Note that some private module maps use a combination of module map structure styles and explicit/implicit sub-modules. This is bad practice because it is inconsistent and typically leads to confusion about how to import a specific module.

Swift code in WebKit uses the standard swift-format tool for formatting and linting, including enabling all checks and rules. At any given time, there should be zero violations in the Source directory of WebKit.

Additionally, the following style rules are recommended for consistency, but not enforced nor required:

• Omit any keywords that are not necessary (for example, in most cases these are usually keywords such as internal, nonisolated, and return)

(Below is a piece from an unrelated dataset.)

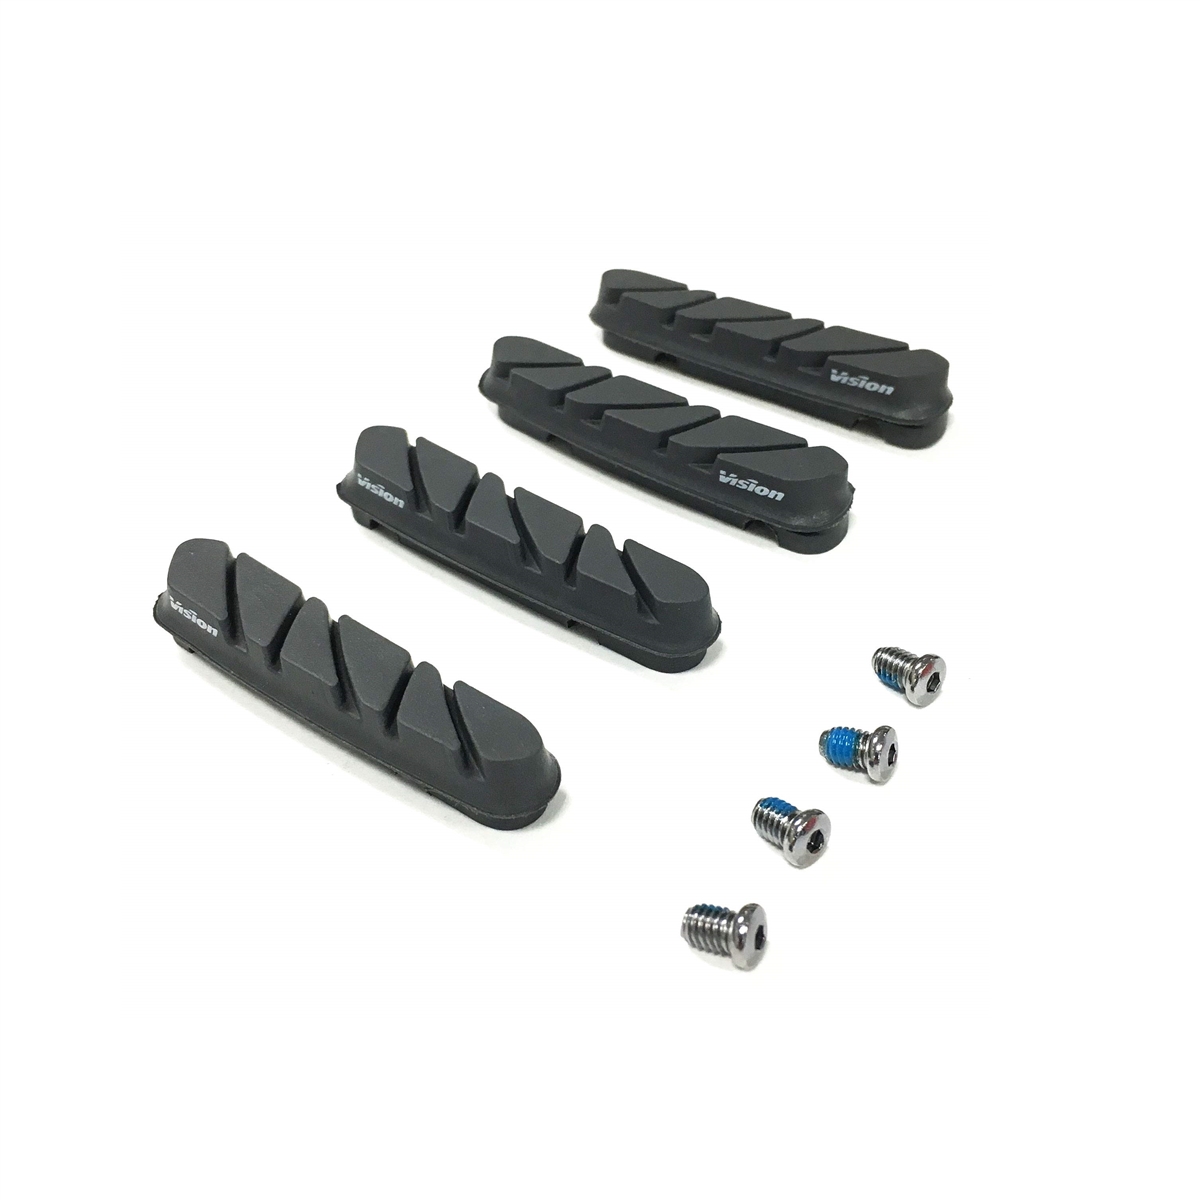 Brake pads T-83 for carbon rims compatible Shimano 4 pieces for packaging E0065

The WebKit check-webkit-style script includes performing swift-format. To run swift-format directly, use

swift format lint --recursive Source/ --strict

Do not ignore any of the formatting or linting errors produced by swift-format; these rules enforce consistency and improved correctness.

If, for any reason, a swift-format violation needs to be suppressed, the following comment can be written above the line that contains the violation:

// FIXME: <bug tracking why this violation is ignored and plans to re-enable it>
// swift-format-ignore: <name of swift-format rule>

This section lists the recent changes made to this guide.

2025-03-03

• Published the initial version of this guide.